» What this task involves: Each line in the material below, starting at the one that contains "This is modern, abstract, geometric" and ending at the one that contains "Sorel Etrog was", should be repeated exactly; the pictures should not.

Start of Available records

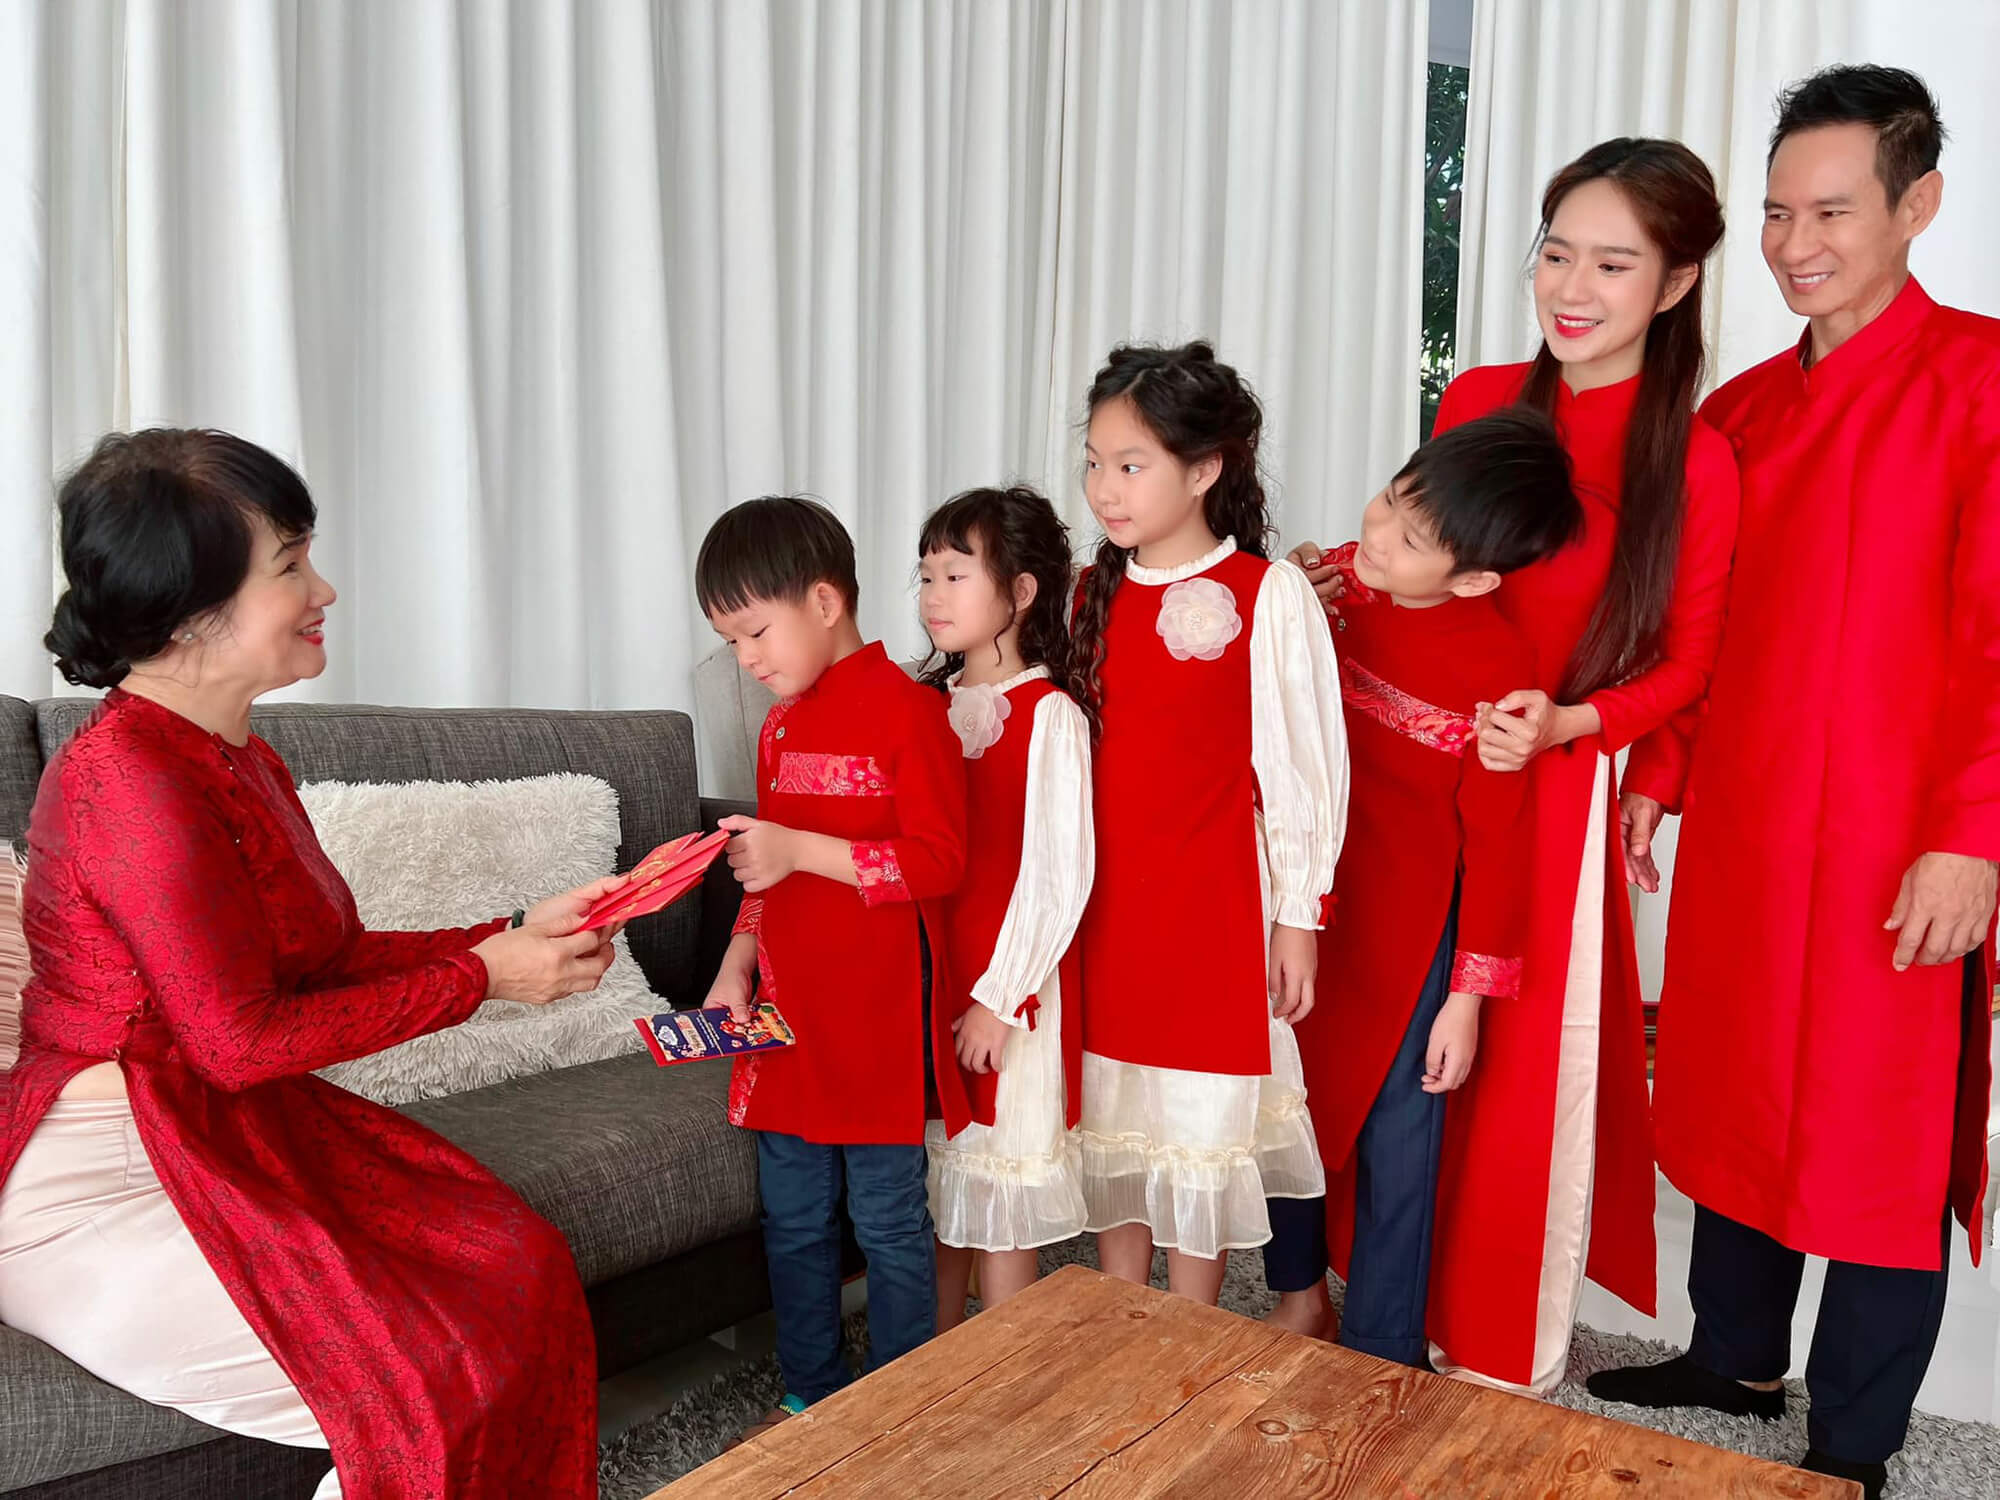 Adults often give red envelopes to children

End of Available records
Start of Available records

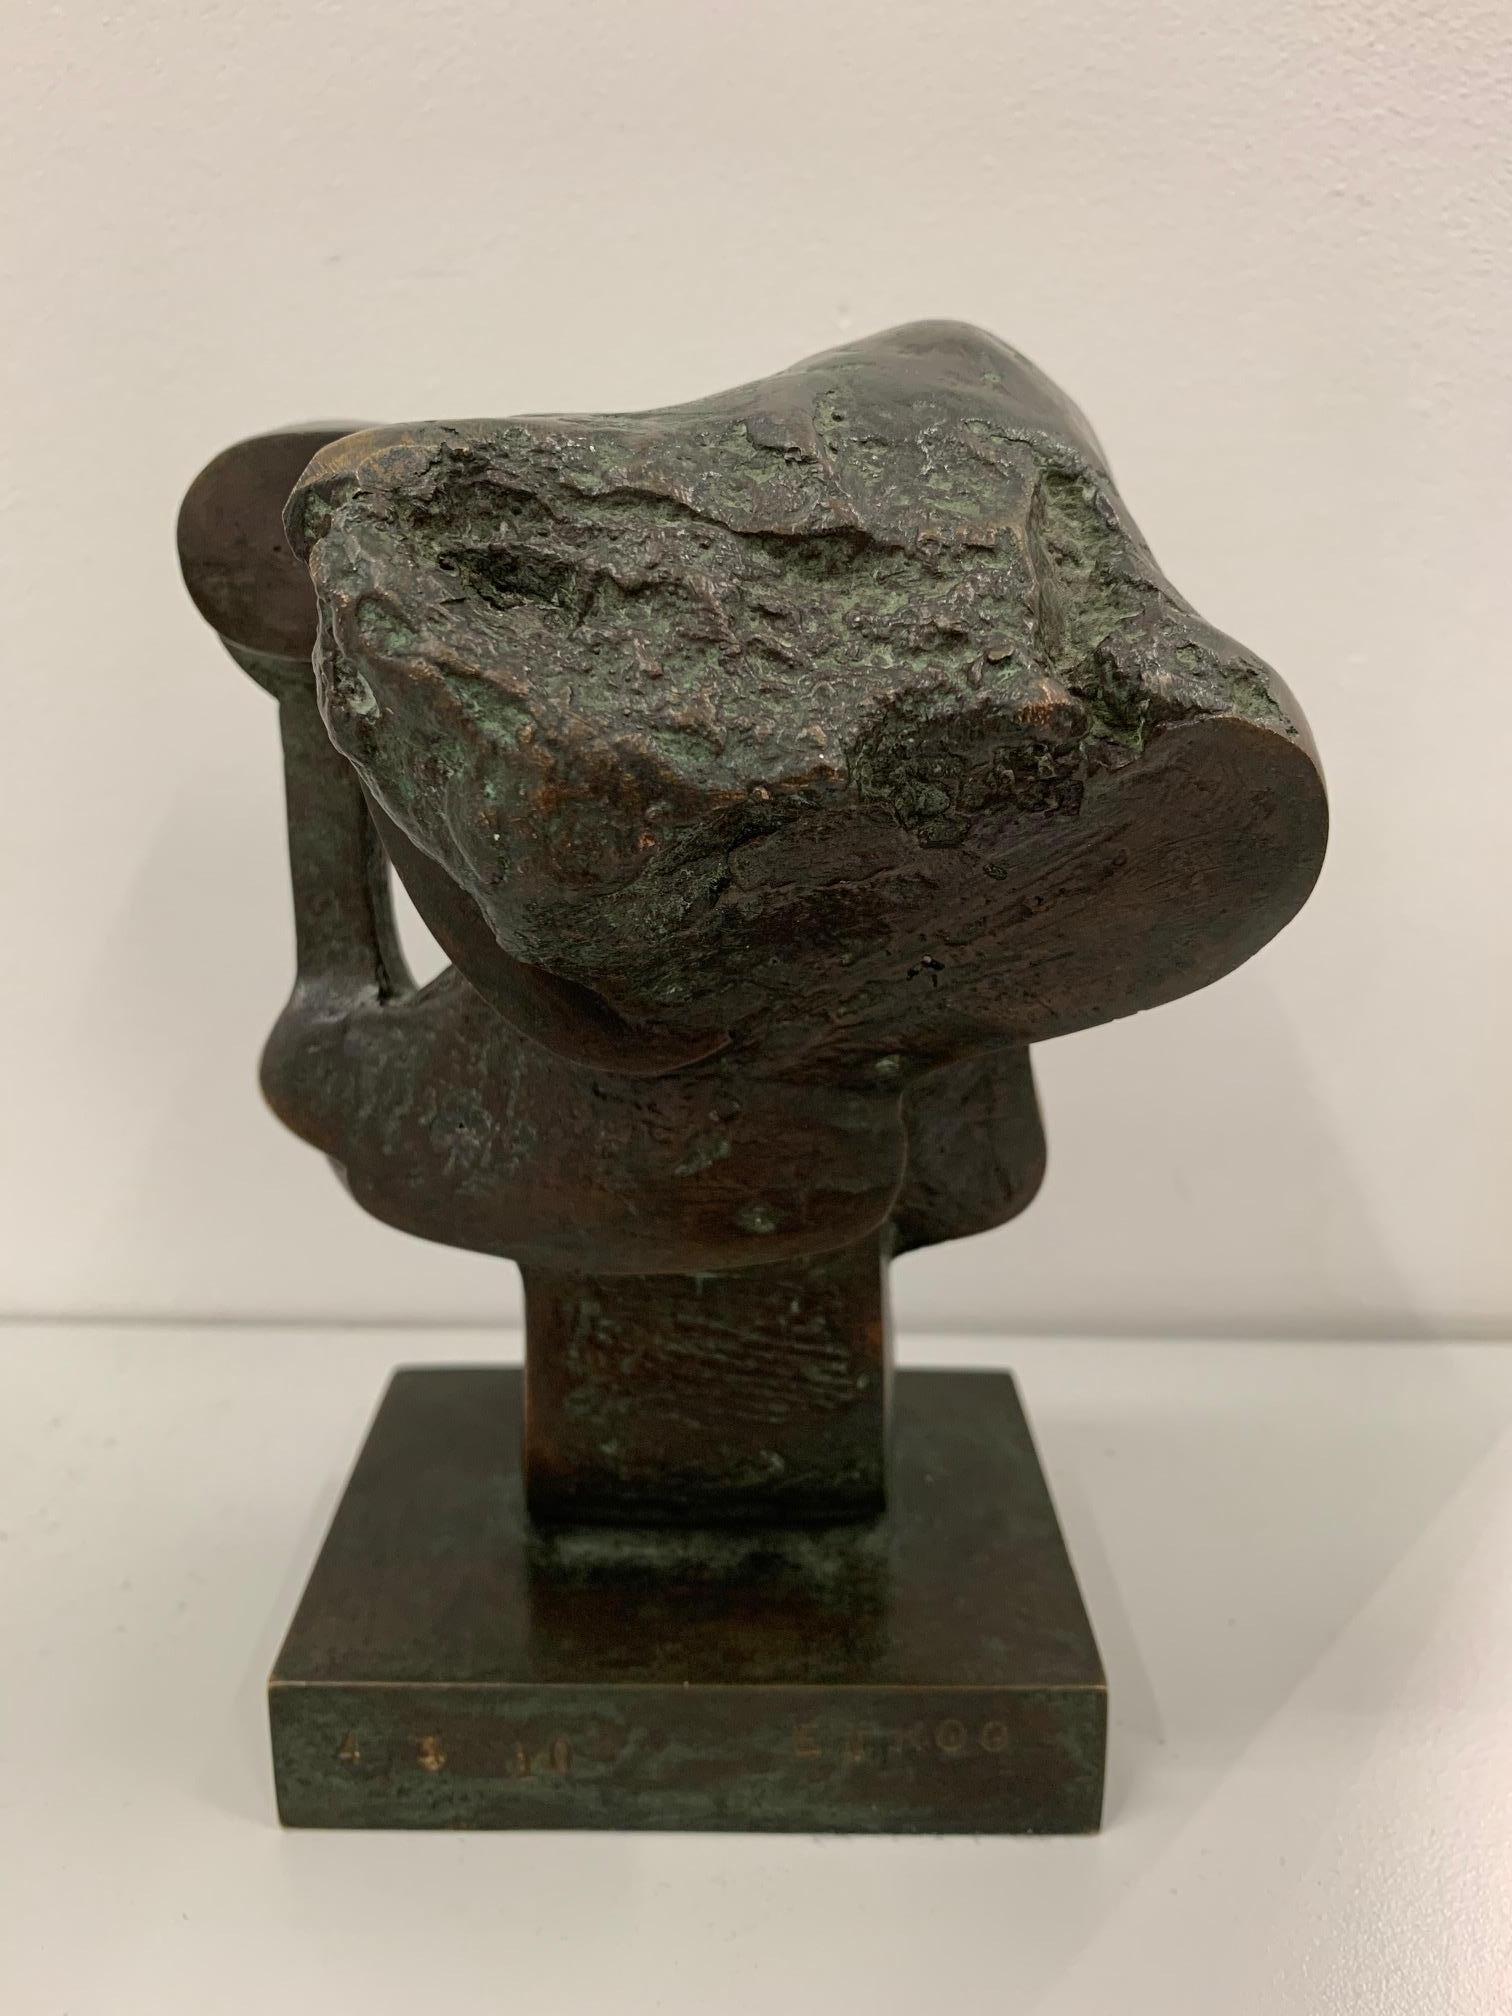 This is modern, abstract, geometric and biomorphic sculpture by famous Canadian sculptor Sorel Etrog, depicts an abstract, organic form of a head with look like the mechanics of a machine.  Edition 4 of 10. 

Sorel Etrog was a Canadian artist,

End of Available records

» Task answer:
 This is modern, abstract, geometric and biomorphic sculpture by famous Canadian sculptor Sorel Etrog, depicts an abstract, organic form of a head with look like the mechanics of a machine.  Edition 4 of 10. 

Sorel Etrog was a Canadian artist,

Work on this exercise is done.